Tricycles in the Pentagon, Jiggling Atoms, and Tiny Neutrinos

I like it when I am reminded that the siloed boundaries between disciplines, between the sciences and the humanities, for example, are something to be questioned at every turn.   When two of my scientist colleagues said that they were sometimes overwhelmed by the ever-increasing data and that the real work was asking the best questions, I thought, well, yes, that’s it.  Asking the best questions is the hard work for all of us.

Sometimes I worry that we are losing the joy that comes with discovering good questions.  Many of our students seemed to have had their intellectual curiosity severely diminished by the time they reach us.  The emphasis on rote memorization, on rote everything in the faux learning of public schooling, often means students are worn out and no longer excitedly curious.  Colleagues, too.  The emphasis on work done quickly and sometimes without as much depth as we’d like in order to build long lists of pubs and other ‘list-able’ accomplishments (lest we perish) often means we are worn out and no longer excitedly curious.

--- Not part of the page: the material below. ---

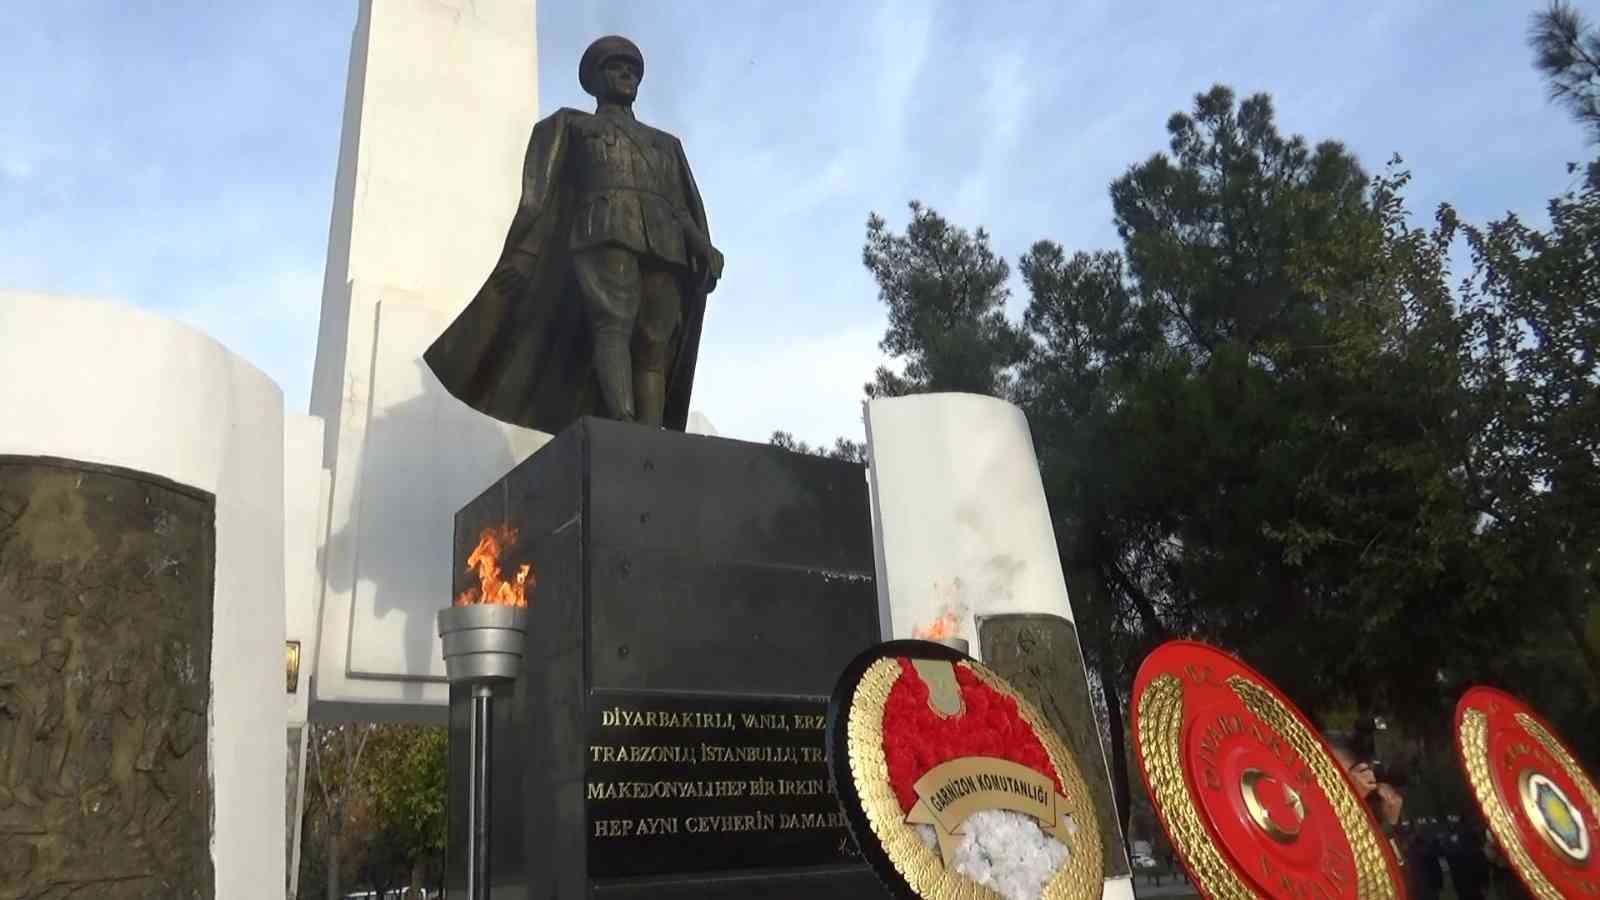 Diyarbakır’da 10 Kasım Atatürk’ü anma töreni #diyarbakir

Maybe rekindling our curiosity, valuing leisure (as Jill Sible and Norbert Weiner remind us), reading outside the disciplinary box in order to think outside the paradigm, in order to color outside the danged lines, is something to make time for.  Let’s reclaim the meaning of ‘school’ / schole,–taking time for learning important insights.  Perhaps that will help us (continue to) turn the machine to our advantage, to teach the machine and have the machine teach us in such a way that it is about truly symbiotic and interdependent learning.

I can be a humanist who focuses too much in any given moment on our failings with technology, on the moments when culturally we tend to worship, rather than understand, teach and learn from, and become wisely interdependent ‘with’ our technology.  Watching Edward R. Murrow’s window onto the world become the electronic babysitter made the mad as hell Peter Finch quite reasonable for someone of my generation.

There is also a joy about science and technology that I wanted to focus on today. Reading Norbert and learning that J.C.R. and his son found the method of transportation in the Pentagon in the early ’60s amusing, (which it is…adult-sized tricycles? Really? Cool!).  They somehow headed me in this direction.

So, if you haven’t done so recently, watch Feynman light up talking about science.  He tells us that science takes a lot of imagination.  “It’s very hard to imagine all the crazy things that things really are like.” Feynman’s joy about jiggling atoms is rather contagious and worth the seven minutes:

It does take imagination, and curiosity, and excitement.  What if tiny neutrinos may have broken the cosmic speed limit?  How cool is that?